Tentu, keterbatasan melakukan tradisi ini juga berdampak pada tradisi yang dilakukan oleh anak-anak untuk membantu membersihkan makam. Mereka biasanya ikut mencabuti rumput, menyapu, dan lain sebagainya. Beberapa anak yang biasanya datang ke makam pada hari menjelang Ramadan tidak bisa lagi datang ke sana. Selain dilarang oleh orang tua mereka, tentu saja kegiatan tersebut sangat berisiko dilakukan pada saat ini. Tradisi memberi uang kepada anak-anak yang membantu warga berziarah pun menjadi tidak bisa dilakukan.

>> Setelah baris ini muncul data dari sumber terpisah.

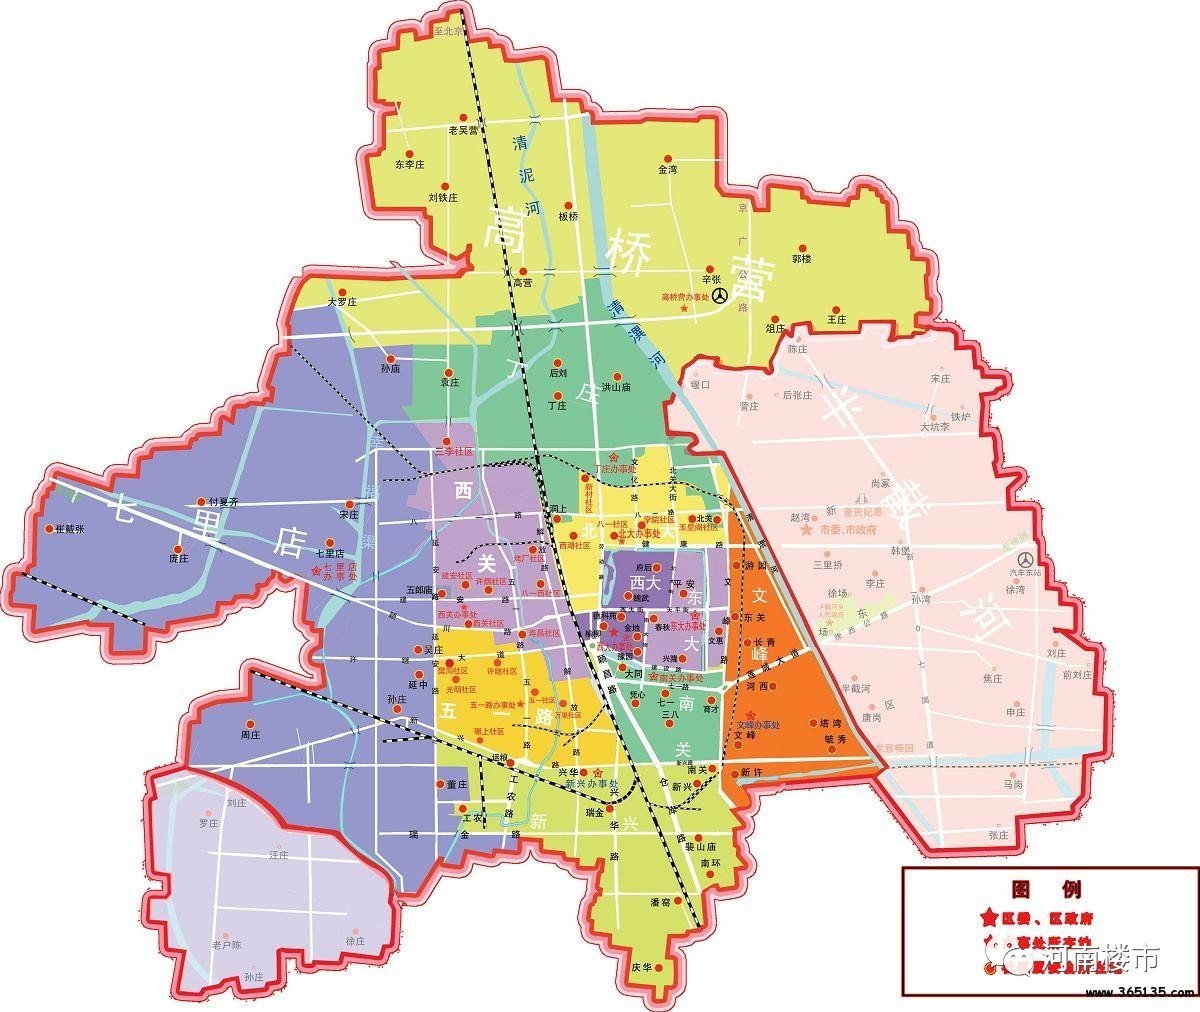 魏都区是许昌市的老城区,总面积88平方公里,人口50万,辖13个街道办事

Tradisi terakhir yang tidak bisa dilakukan pada tahun ini adalah kirab Ramadan. Biasanya, anak-anak SD dari beberapa sekolah berkumpul jadi satu untuk melakukan kirab Ramadan. Anak-anak tersebut akan saling berjalan beriringan sambil membaca salawat dan membawa pesan Ramadan. Kemeriahan yang mereka lakukan menjadi tontonan warga yang sayang untuk dilewatkan. Kirab Ramadan pun menjadi salah satu tradisi menjelang Ramadan sebagai tanda pengingat bagi warga sekitar. Agar mereka bisa menyambut Ramadan kali ini dengan sebaik-baiknya sehingga mendapat kemenangan yang fitri.
Jadi pada akhirnya, meski tradisi menjelang Ramadan tahun ini tak semeriah dulu, bukan berarti untuk memulainya harus dengan semangat yang kurang. Justru sekali lagi, ini menjadi momen berharga mengawali Ramadan dengan semangat berlimpah dalam kondisi sulit. Untuk itulah, sangat sayang sebenarnya jika kondisi sulit saat ini malah menjadi alasan untuk tidak berbuat lebih baik.